Изгнанный в конце-концов со скандалом Комиссаржевской театральный якобинец нашёл неожиданно нового покровителя, – кого бы вы думали? – их кавалерийское сиятельство Теляковского, передавшего под его начало сразу две казённые сцены: драматическую в Александринском театре и оперную в Мариинском. Хорошо хоть не балетную…
Давний её недруг так объяснил причину своего выбора:
«Когда художник Головин пришёл ко мне в кабинет и сообщил, что Мейерхольд в театре Комиссаржевской рассчитан, ибо там всех чуть не перестрелял, до того увлёкся новаторством – то я, не посоветовавшись даже со специалистами, с которыми всегда в художественных вопросах советовался, попросил Головина вызвать ко мне Мейерхольда, а когда он спросил, зачем, я ответил, что должно быть человек интересный, если все ругают. На следующий день Мейерхольд, очень удивлённый моему вызову, пришёл и был, вероятно, ещё более удивлён, когда выходил из моего кабинета как уже принятый на службу в казённый, правительственный театр. Я нахожу, что Мейерхольд при его способности будить людей будет очень полезен на казённой сцене. Относительно его крайностей уверен, что он у нас с ними расстанется. Боюсь даже, чтобы новая обстановка не сделала из него рутинёра».

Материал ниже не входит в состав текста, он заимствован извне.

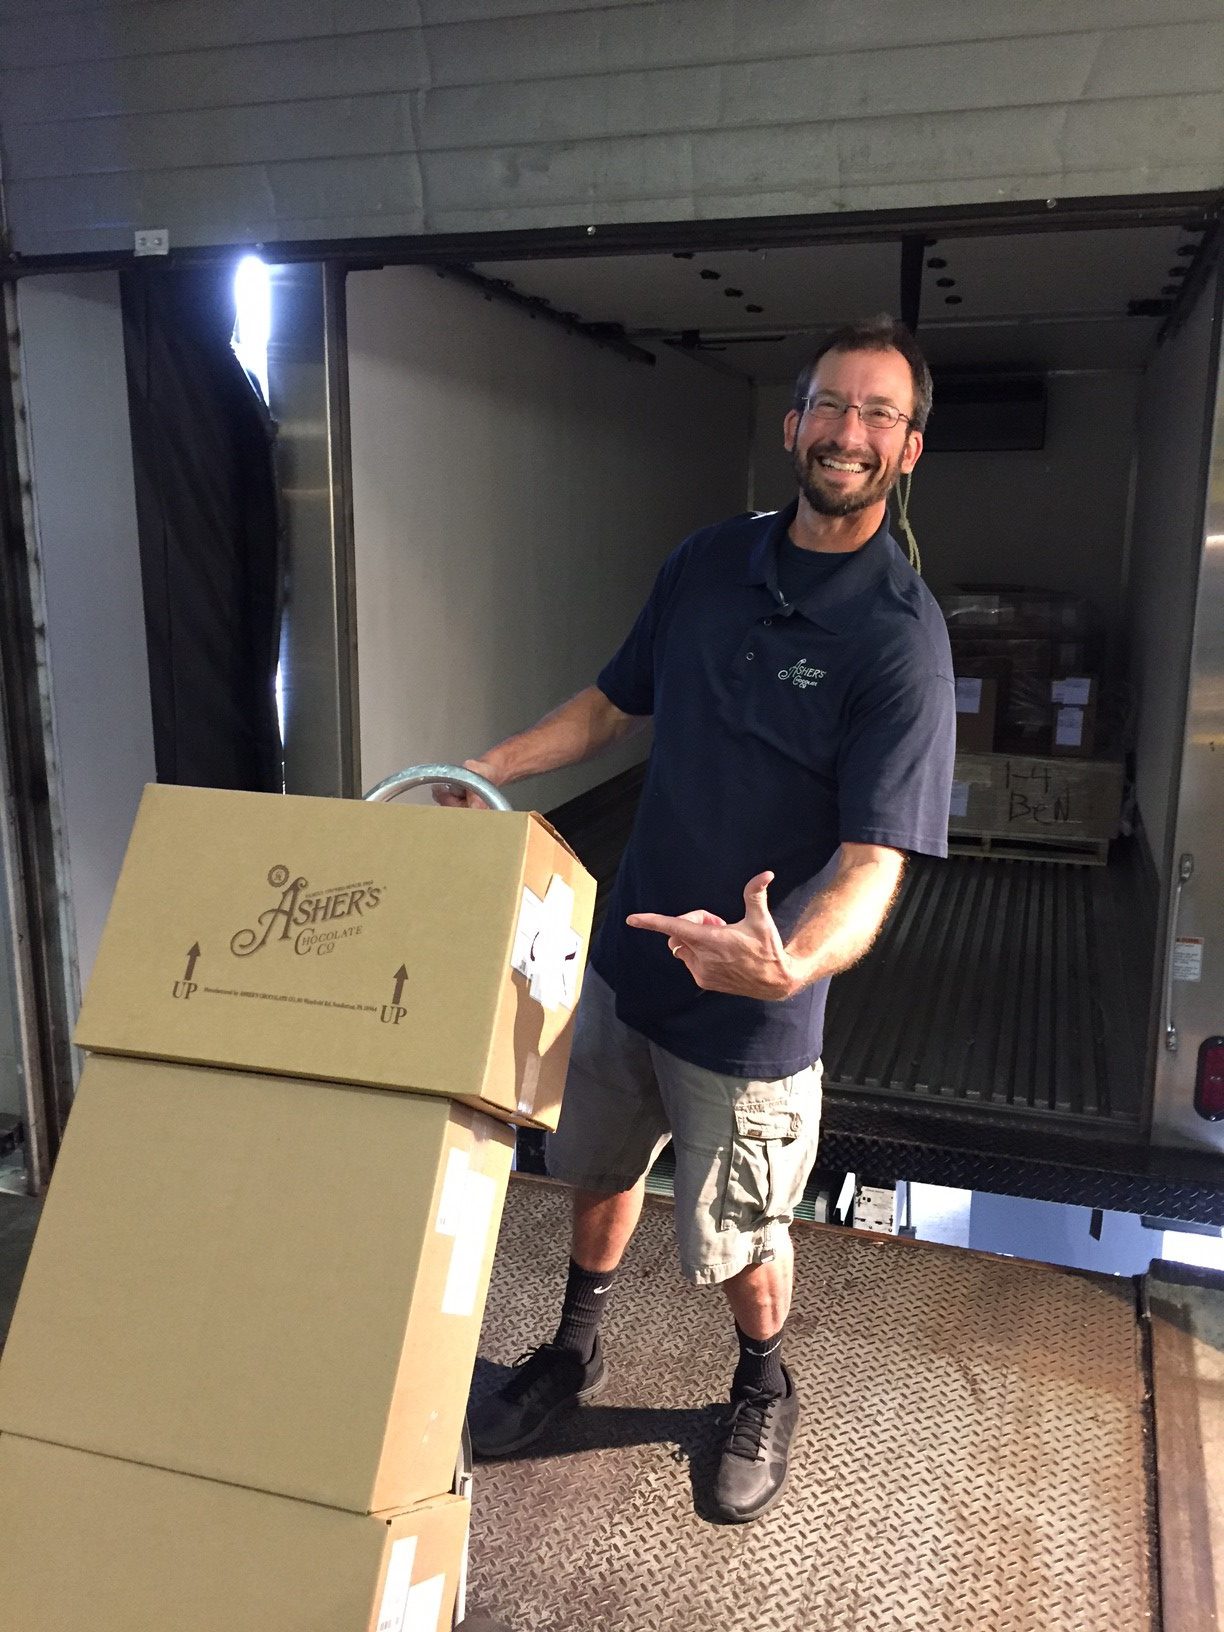 Asher's Chocolate Co. employee highlight and delivery driver, Ben Gossard, unloading a stack of boxes for an Asher's delivery.
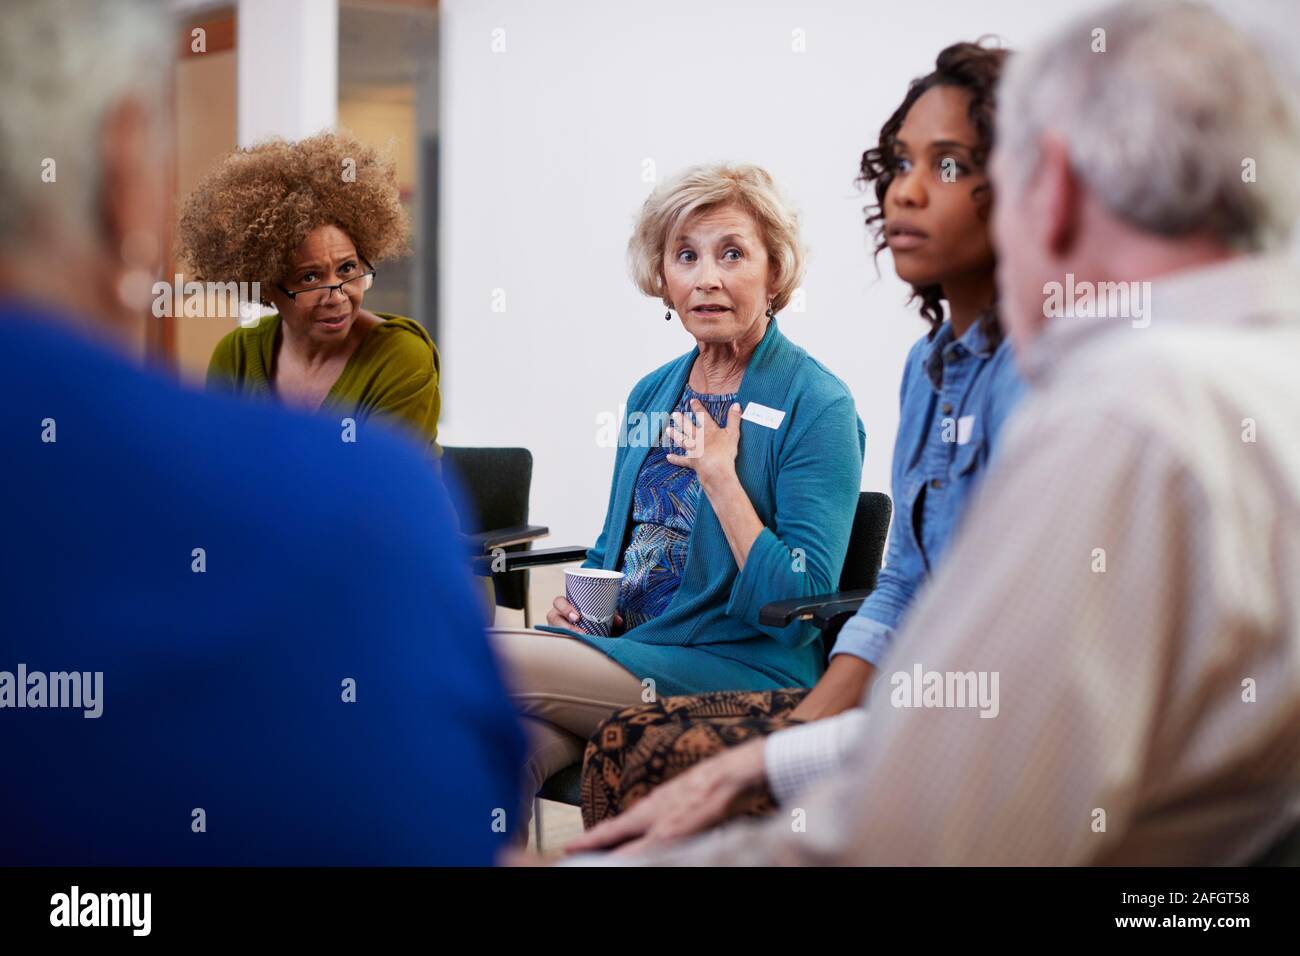 People Attending Self Help Therapy Group Meeting In Community Center Stock Photo

Болезненно самолюбивый реформатор на удивление скоро пришёлся ко двору – в прямом смысле слова: понравился невероятно государю. В особенности после помпезной даже по меркам императорской сцены постановки оперы «Борис Годунов» в Мариинском театре, приуроченной ко дню тезоименитства монарха. По сообщению газет, «после пятой картины публика потребовала исполнения народного гимна. Занавес был поднят, и зал вместе с хором во главе с солистом его величества Шаляпиным (исполнявшим роль Бориса Годунова), стоя на коленях и обратившись к царской ложе, исполнили «Боже, царя храни». Многократно исполненный гимн был встречен участниками и публикой громким и долго не смолкавшим «ура!». Его Величество, приблизившись к барьеру царской ложи, милостиво кланялся публике, восторженно приветствовавшей императора криками «ура».
Глядя на сцену, она испытала чувство неловкости. За Ники, прежде всего. На колени-то зачем грохаться, господи? Пошлость ведь, лакейство, а никакая не любовь к монарху! Как Мейерхольд сам этого не понимает? Листала на другой день газеты: отклики, за редким исключением, были неодобрительными. Сразу две рецензии поместило «Новое время». «Считая Мейерхольда человеком талантливым, – писал автор за подписью А. С., – я, однако, думаю, что ему не следовало поручать такой русской пьесы, как «Борис Годунов». Для постановки её надо иметь русскую душу, надо инстинктом чувствовать многое и очень важное. Не говорю уже о том знании русской жизни и обычаев, которое не даётся изучением. Необходима русская красота в костюмах, в группах и жестах»… Более резко и в том же великорусском духе высказался критик О. Меньшиков. Особенно возмутила его первая картина, где по-современному одетые приставы хлестают толпу трёххвостными кнутами. «Откуда взял это г. Мейерхольд, – вопрошал он, – которому, как слышно, г. Теляковский поручил «стилизацию» императорской сцены? Я думаю, что г. Мейерхольд взял приставов из своей еврейской души, а не из Пушкина, у которого нет ни приставов, ни кнутьев. Господину Мейерхольду, или той кучке инородцев, в чьих руках императорская сцена, видимо хотелось с первой же картины подчеркнуть глубокое рабство, в котором (будто бы) пребывала древняя Россия…Евреи Мейерхольд и Фокин возвеличивают поляков (полонез в «Борисе Годунове») и половцев (половецкие танцы в «Игоре») и, наоборот, уродуют русскую сторону».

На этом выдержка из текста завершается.